Task objective ▸ I'd like the data beneath this line reproduced exactly, without any of its images.

Data excerpt ▸
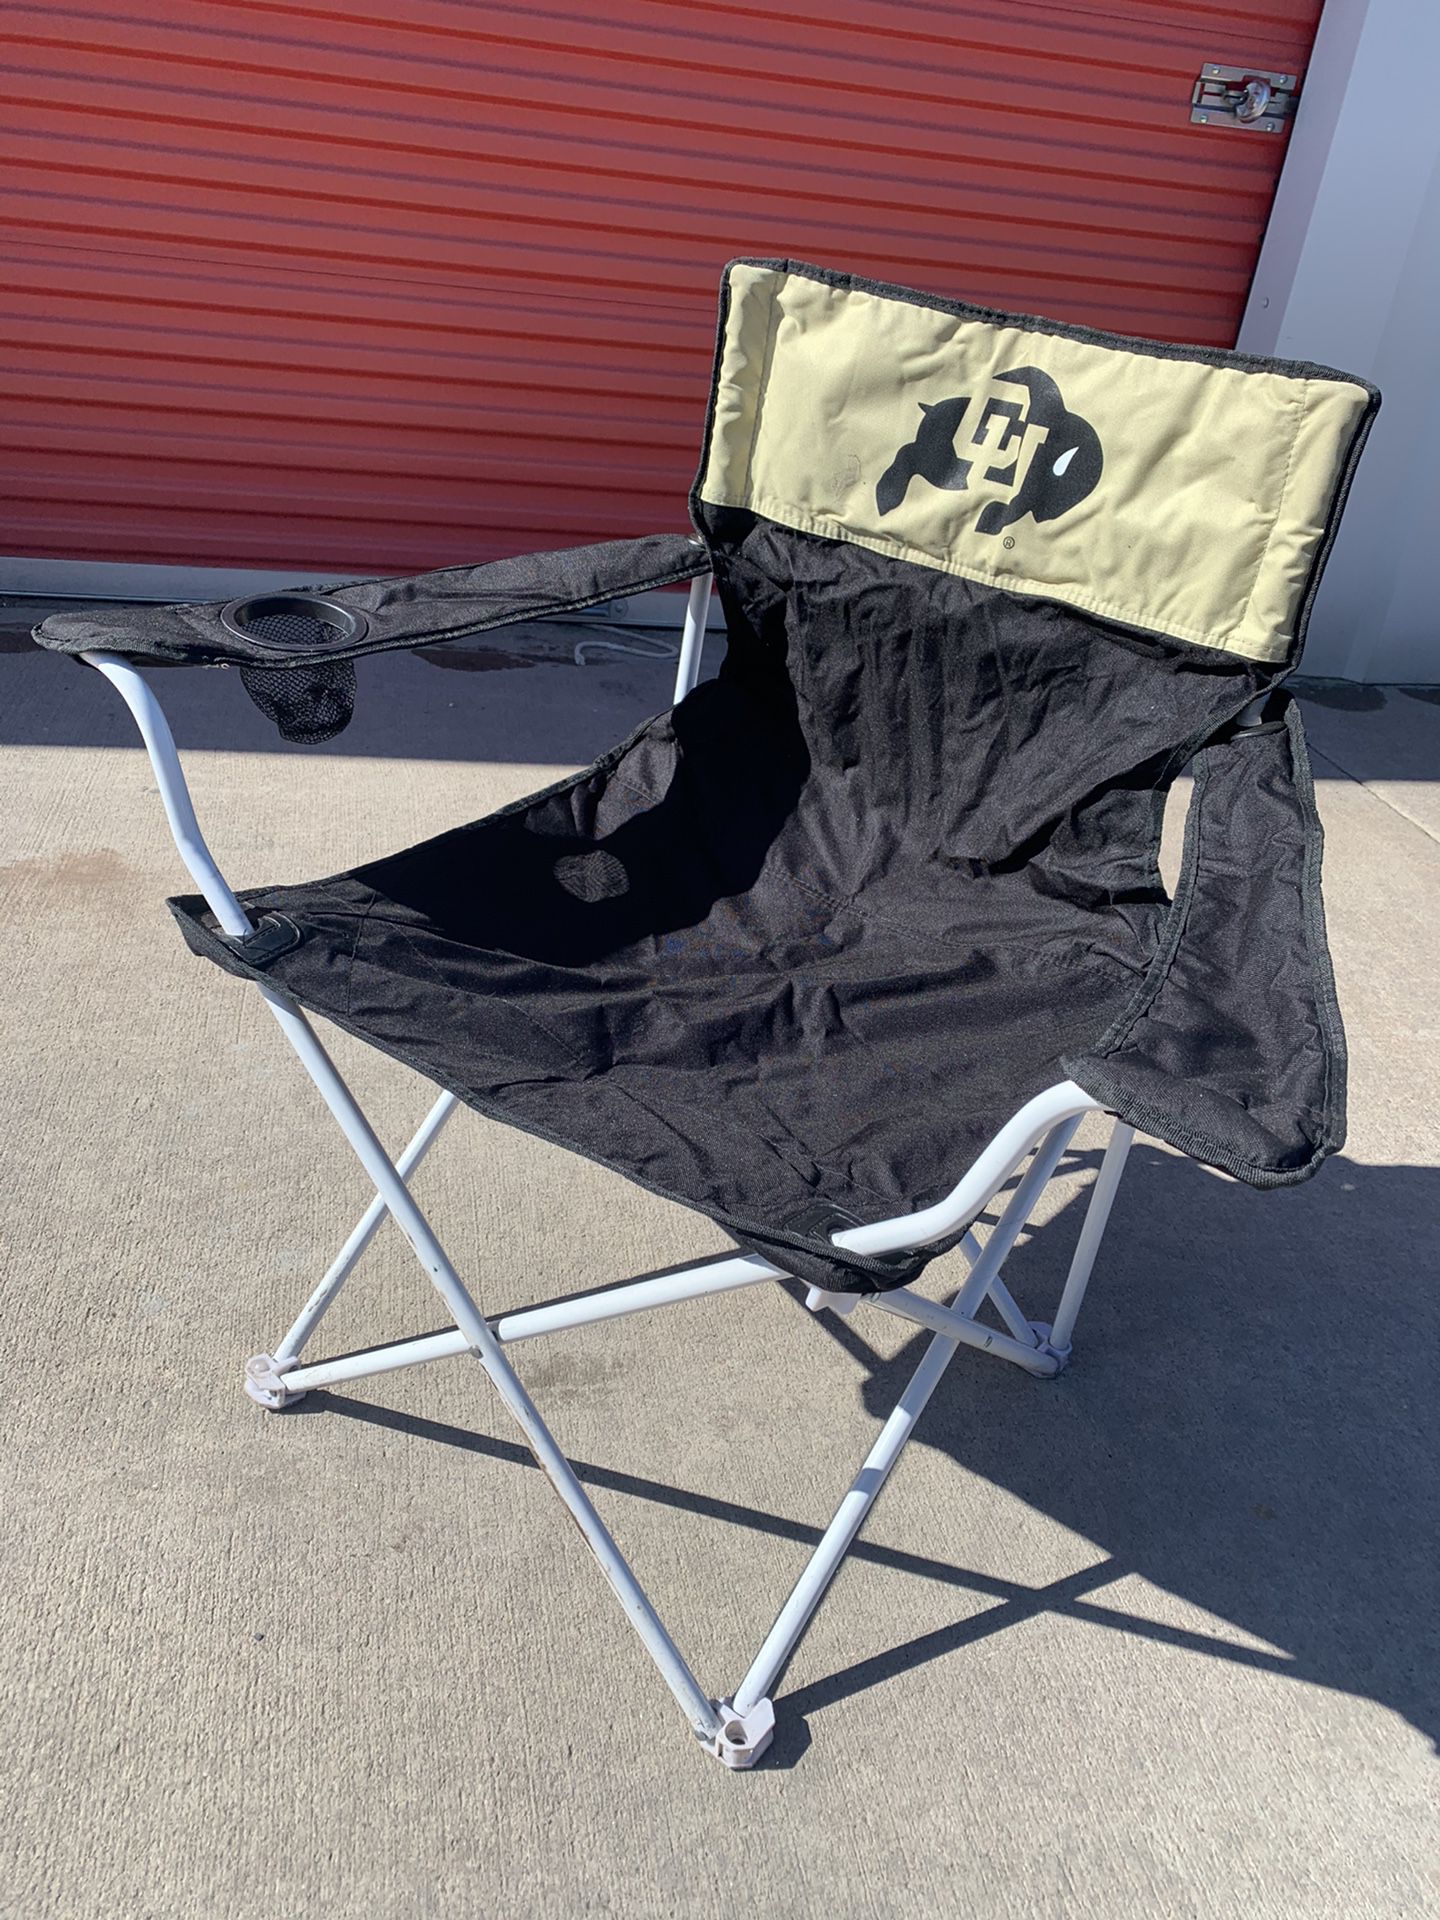 CU Camping chair
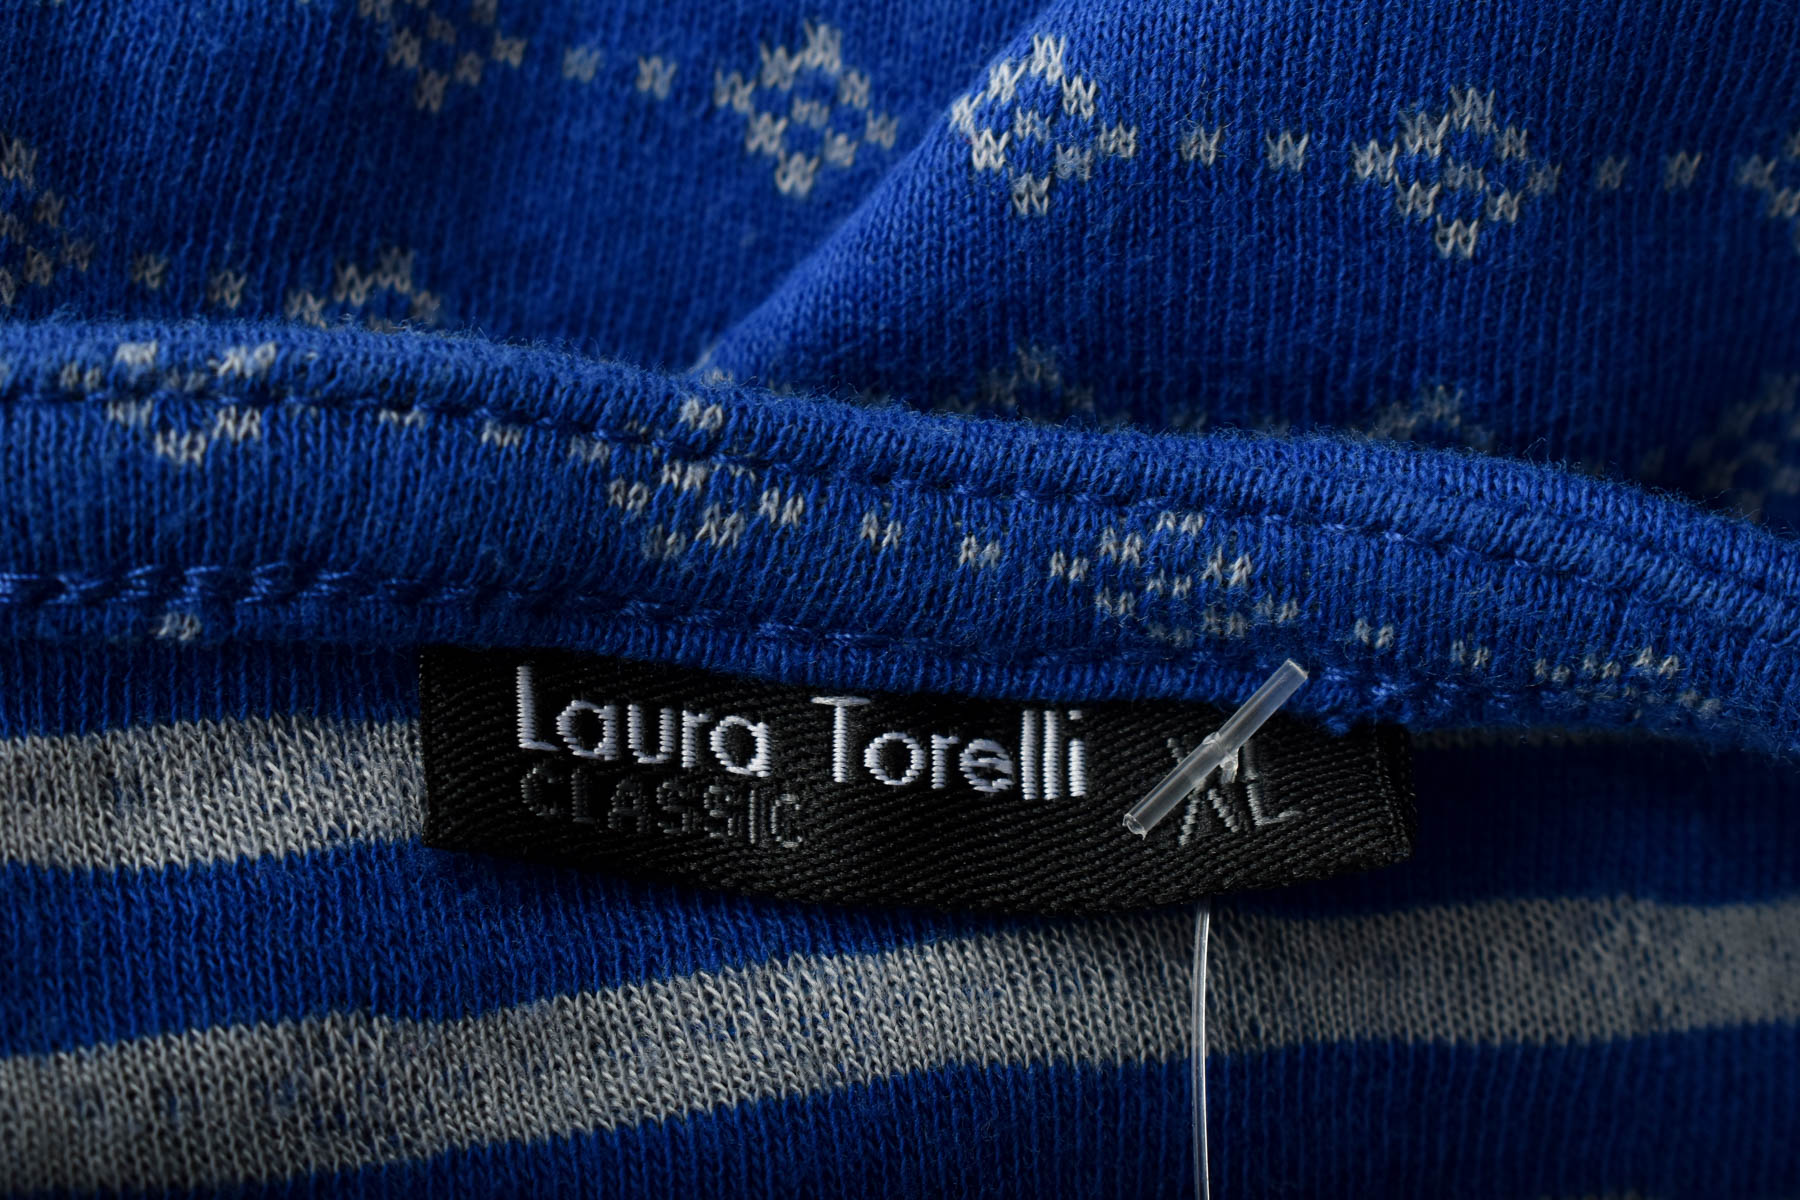 Γυναικεία μπλούζα - Laura Torelli - 2
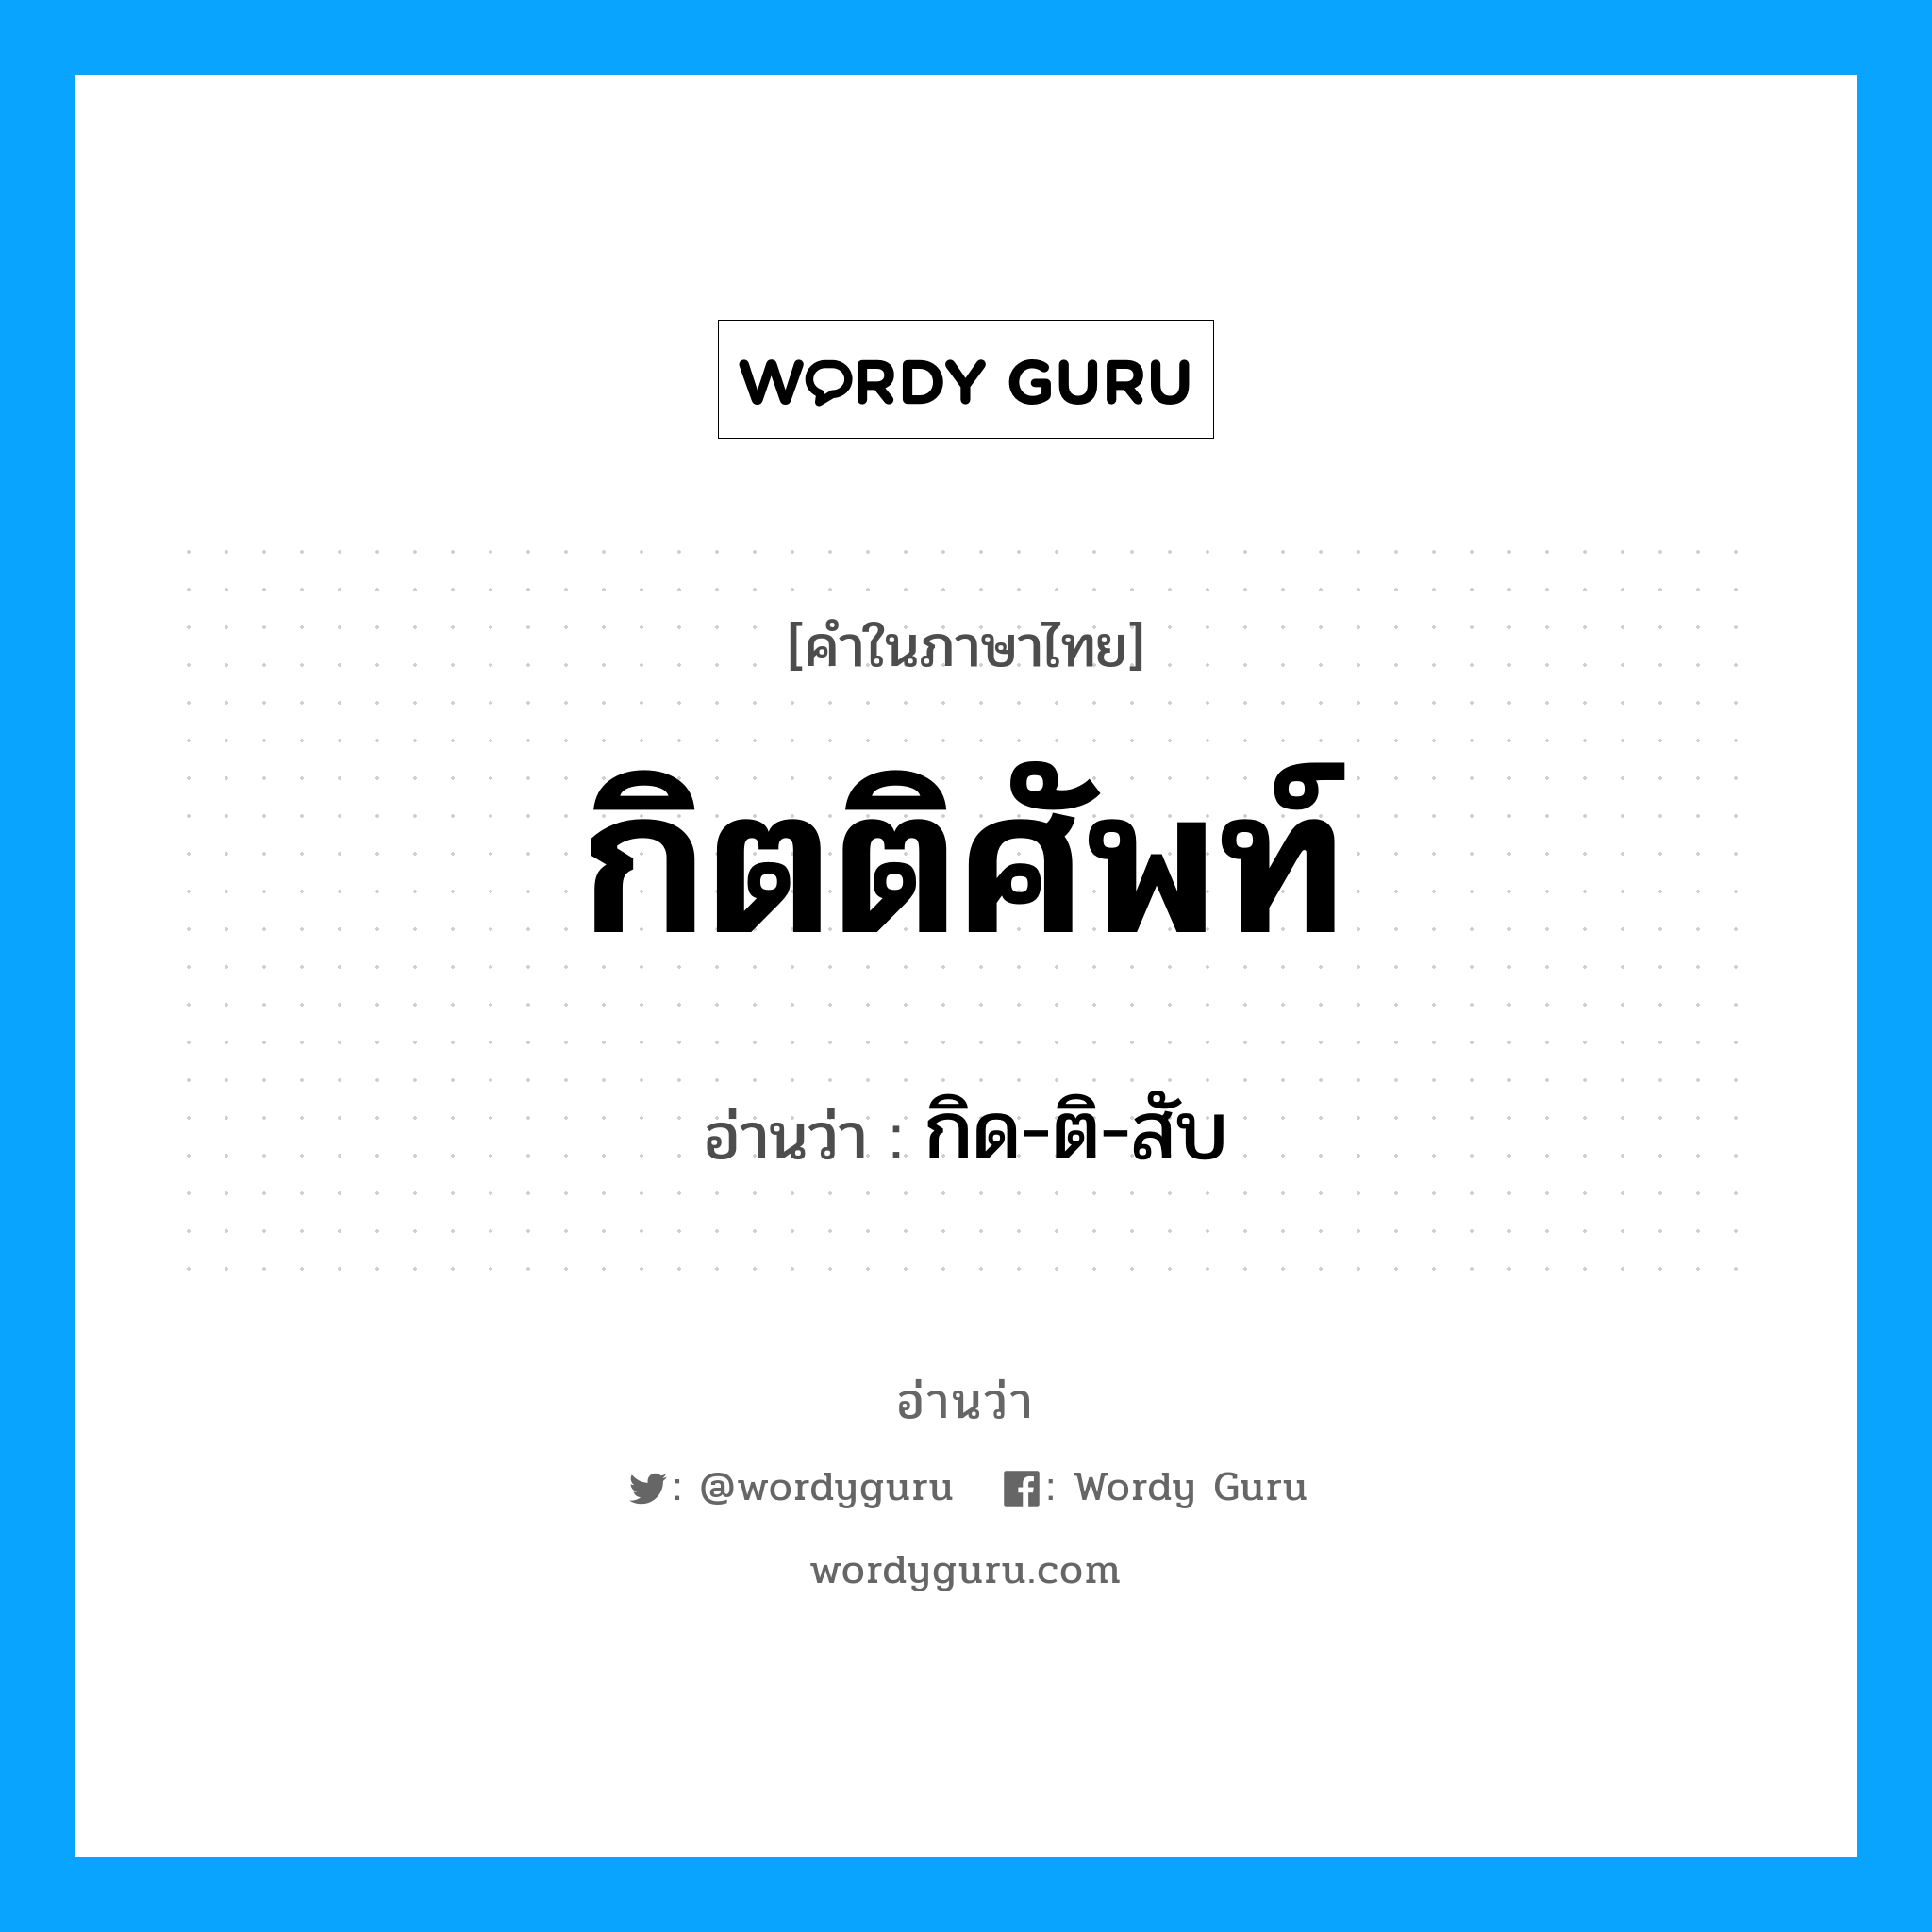 กิด-ติ-สับ เป็นคำอ่านของคำไหน?, คำในภาษาไทย กิด-ติ-สับ อ่านว่า กิตติศัพท์

Task result ▸
 CU Camping chair
 Γυναικεία μπλούζα - Laura Torelli - 2
 กิด-ติ-สับ เป็นคำอ่านของคำไหน?, คำในภาษาไทย กิด-ติ-สับ อ่านว่า กิตติศัพท์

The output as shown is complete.